• _INFORMATION SUPPLIED_:
::::::::
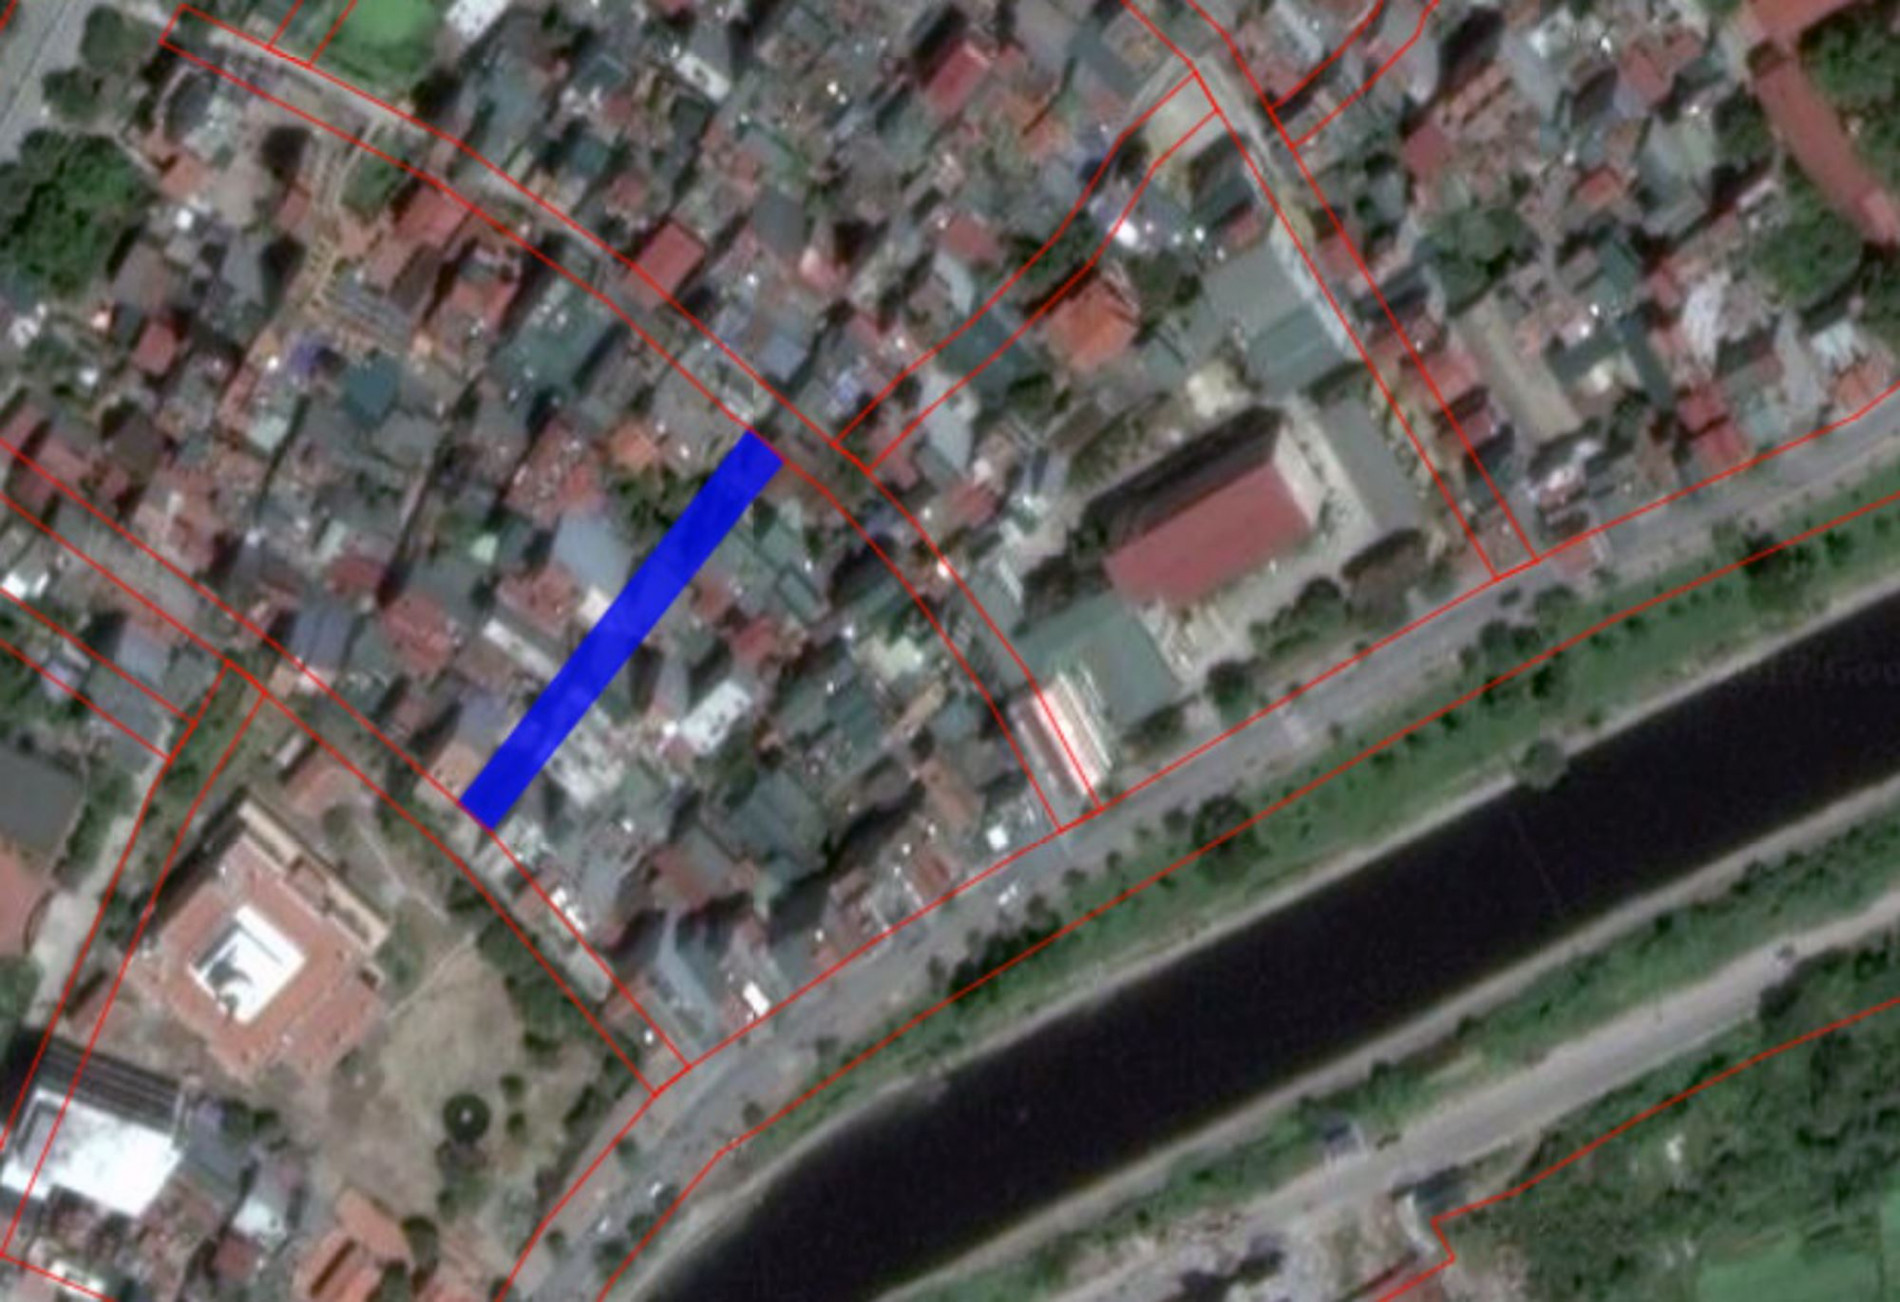 Những khu đất sắp thu hồi để mở đường ở xã Thanh Liệt, Thanh Trì, Hà Nội (phần 10)
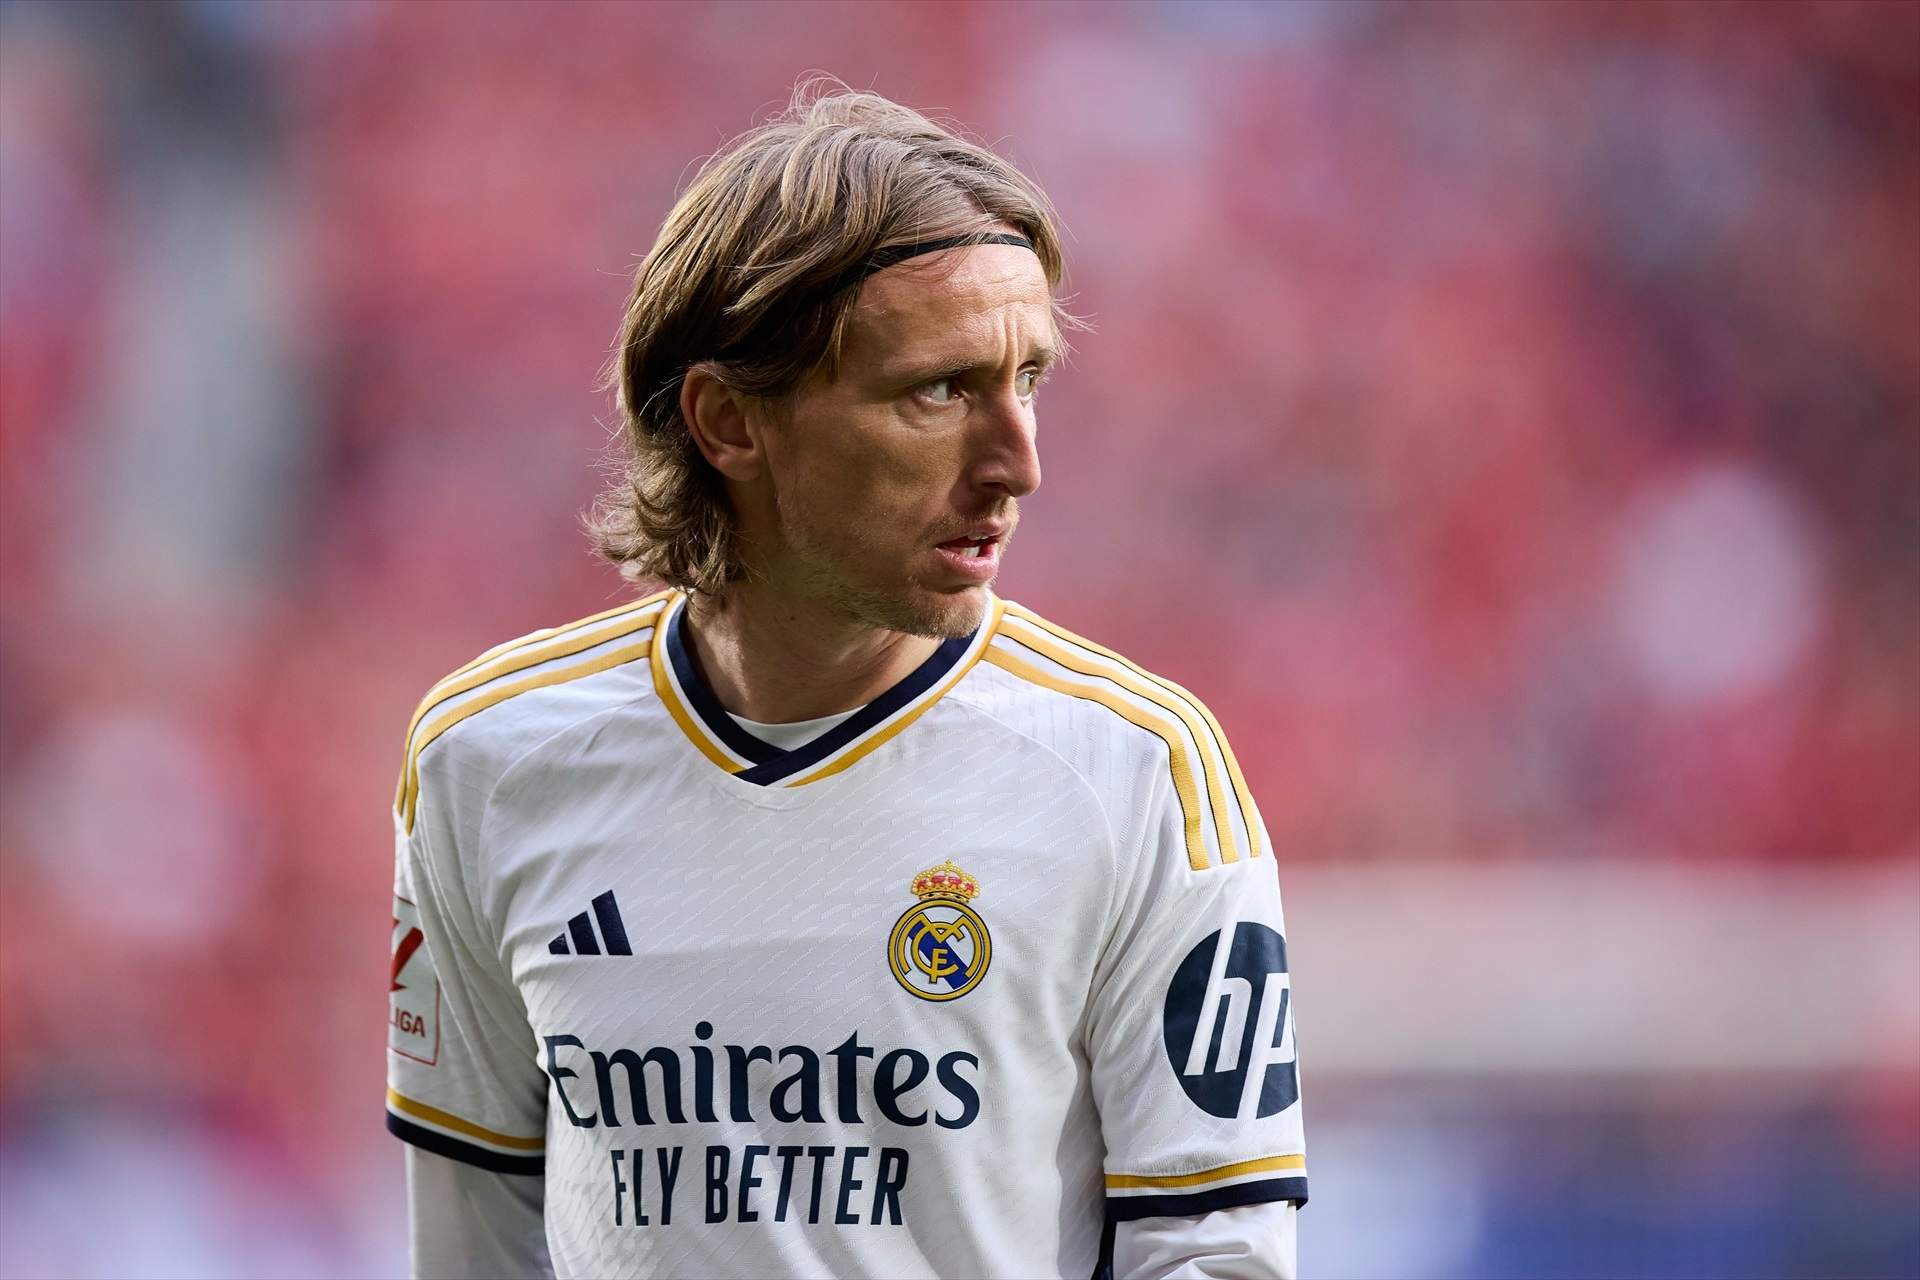 Caviar del bueno para sustituir a Luka Modrić en el Real Madrid, en Inglaterra lo comparan con Phil Foden
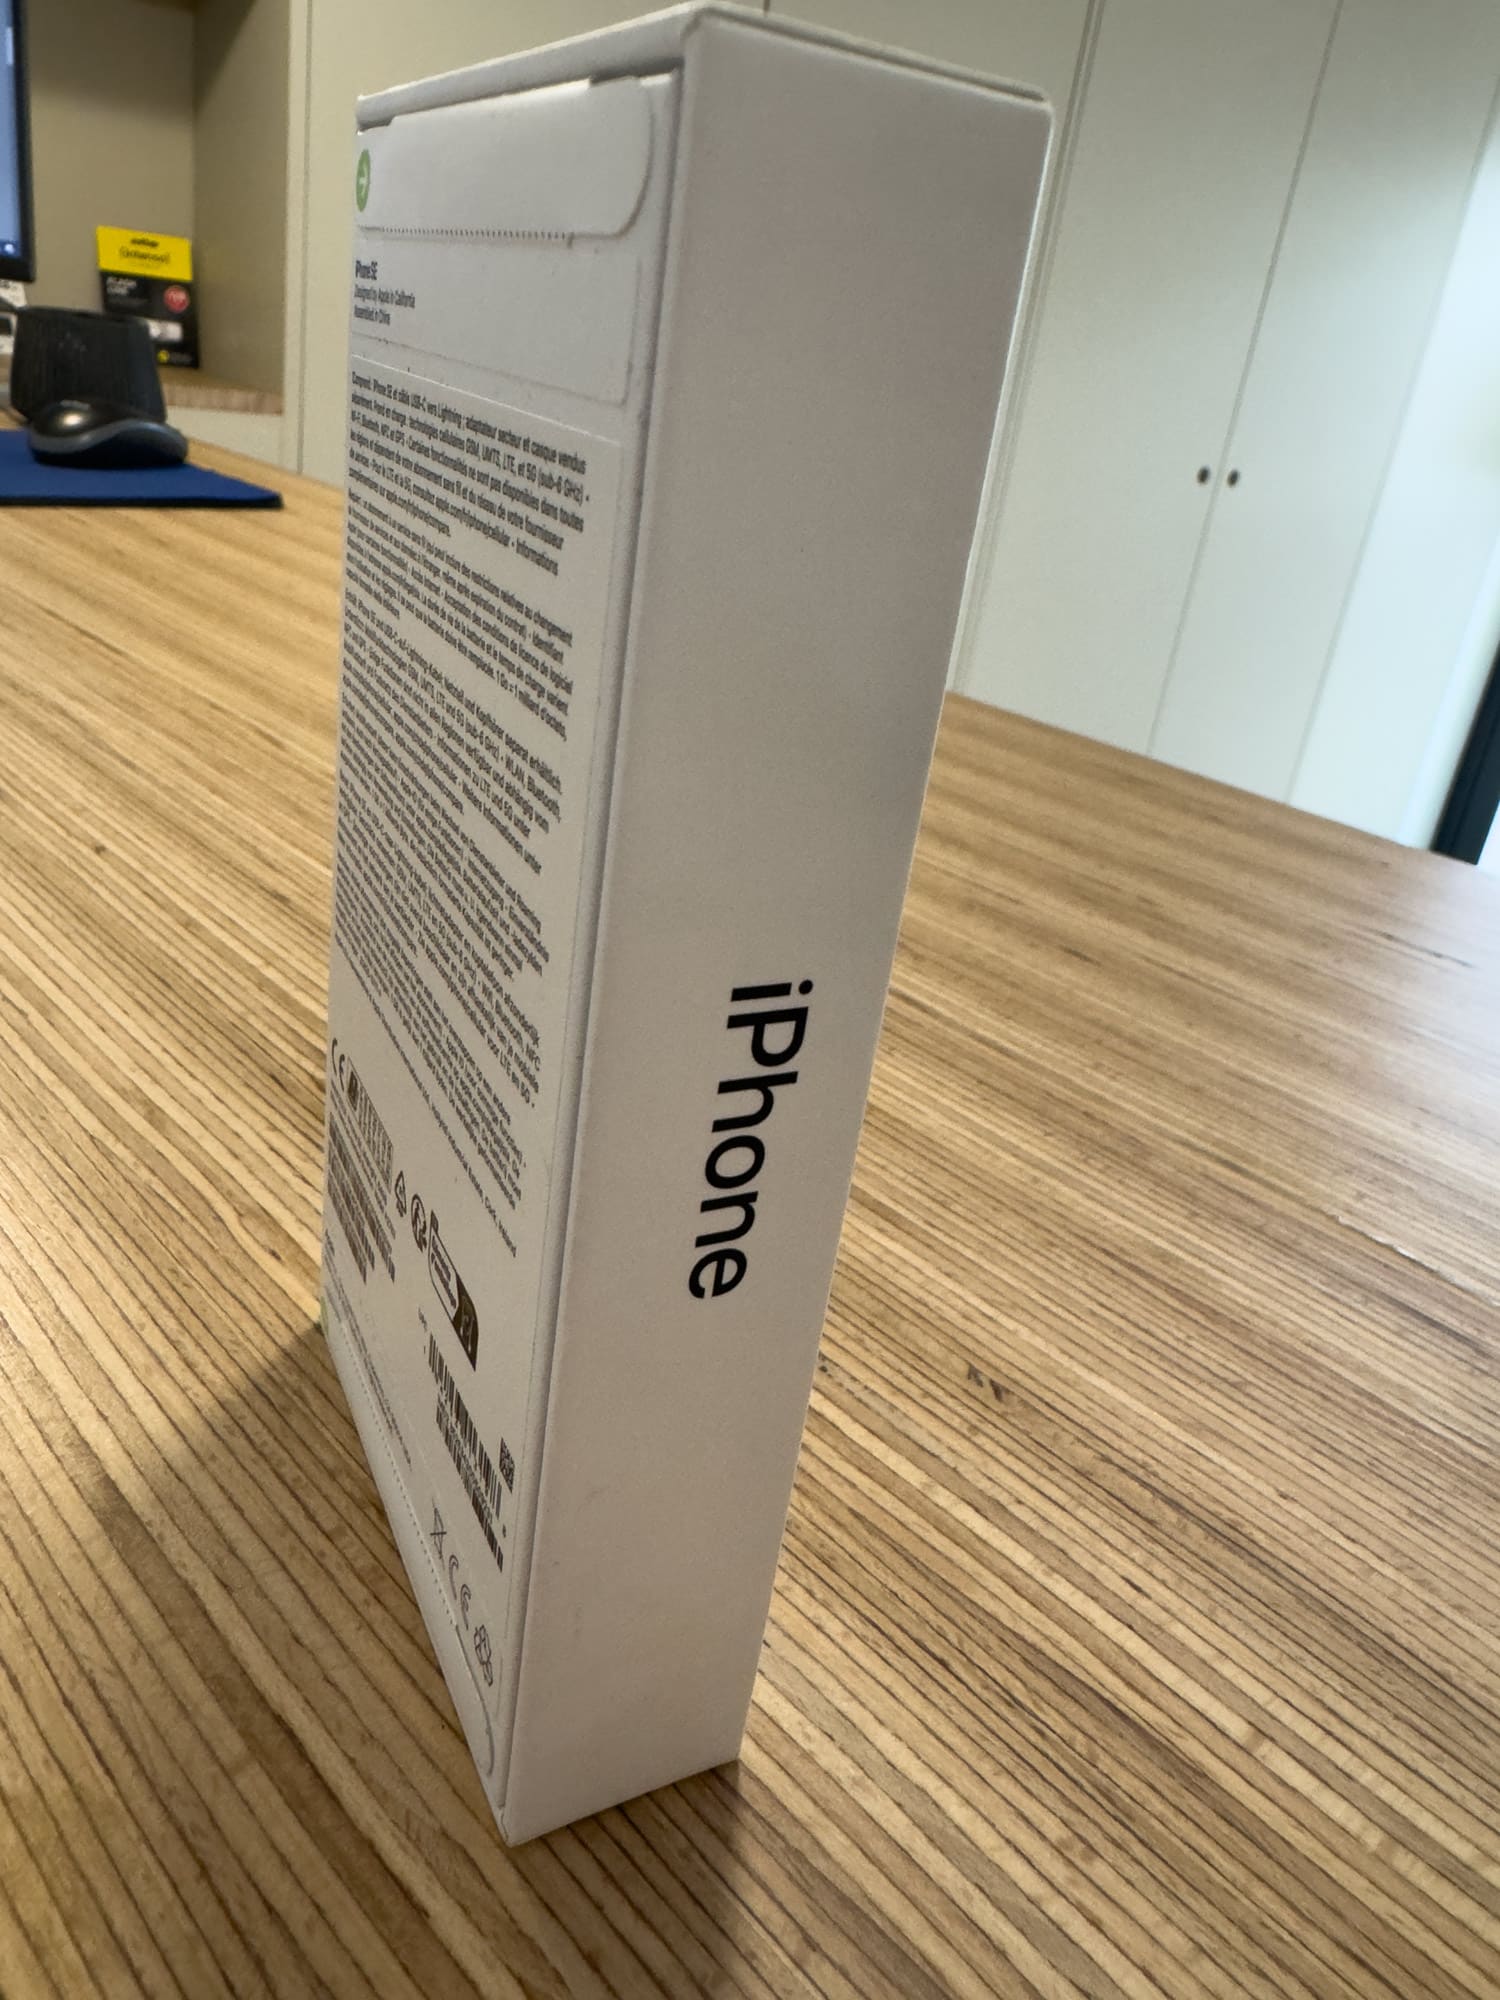 Boîte d'iPhone neuf sur table en bois.
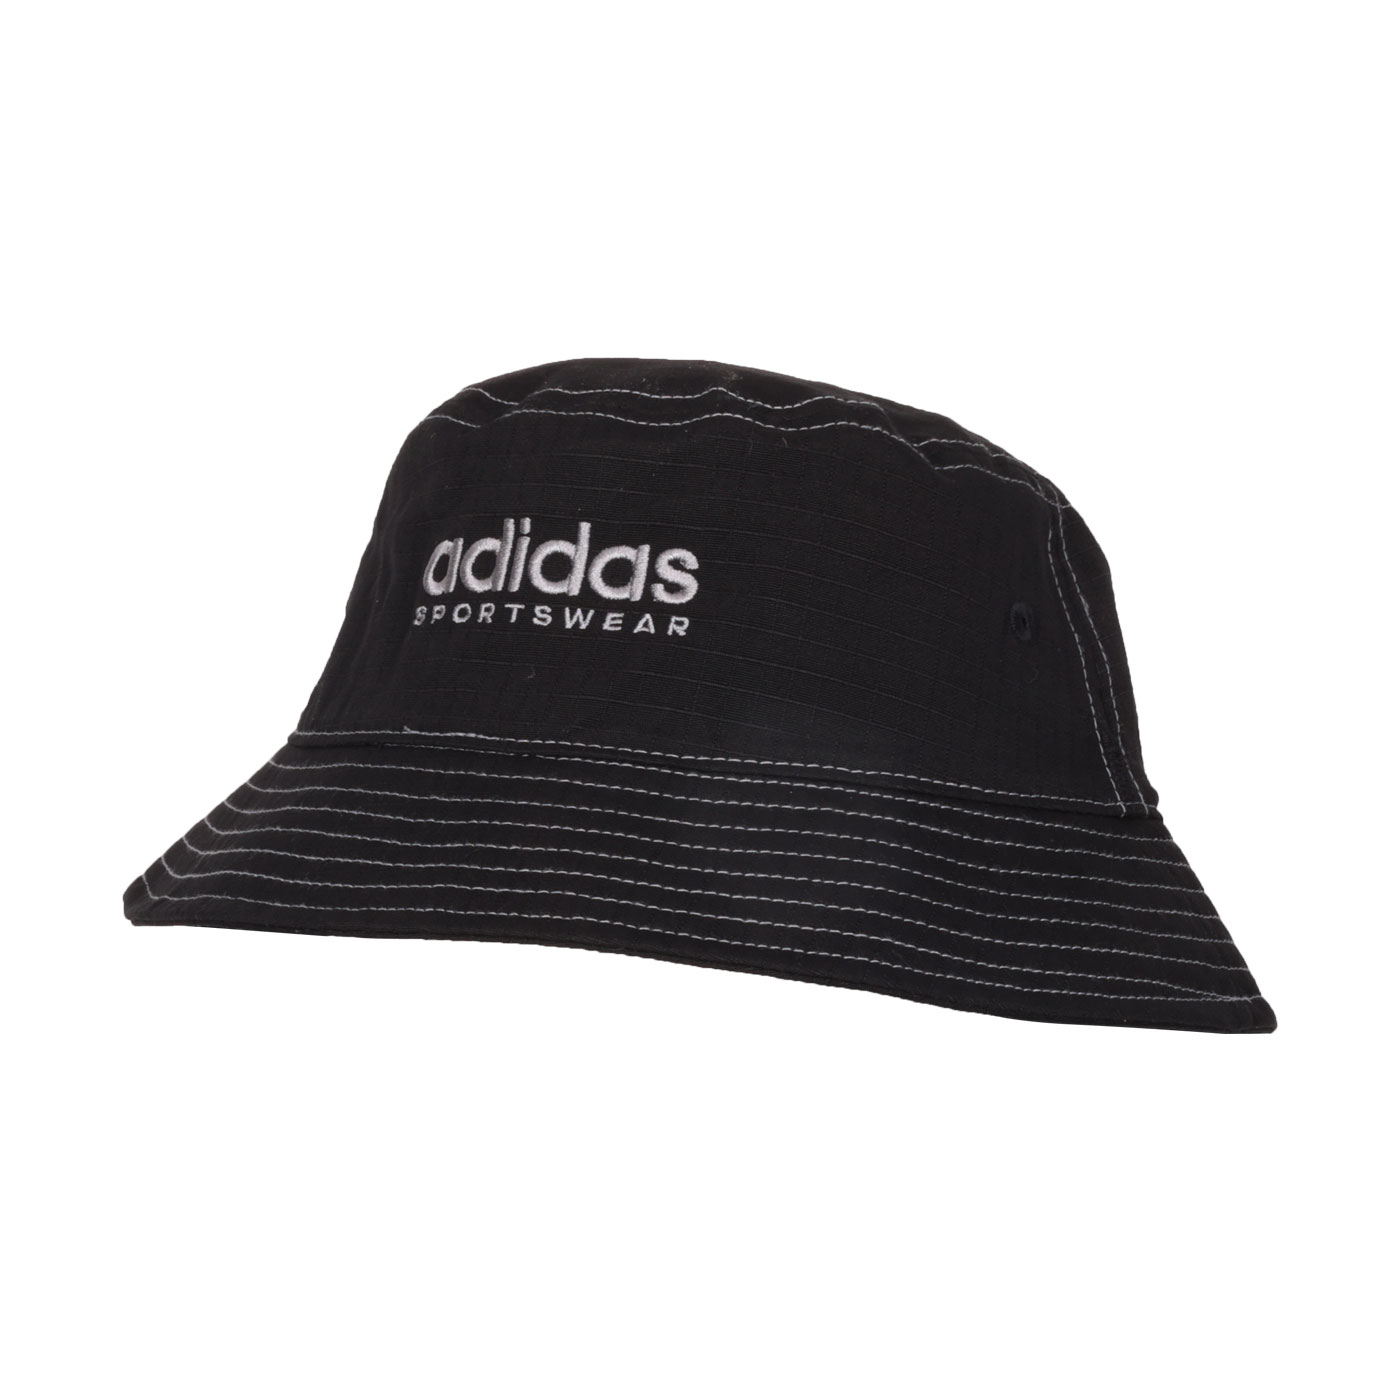 ADIDAS 漁夫帽  HY4318 - 黑灰
::::::::
Output the data exactly as it is, with the pictures dropped.

 Những khu đất sắp thu hồi để mở đường ở xã Thanh Liệt, Thanh Trì, Hà Nội (phần 10)
 Caviar del bueno para sustituir a Luka Modrić en el Real Madrid, en Inglaterra lo comparan con Phil Foden
 Boîte d'iPhone neuf sur table en bois.
 ADIDAS 漁夫帽  HY4318 - 黑灰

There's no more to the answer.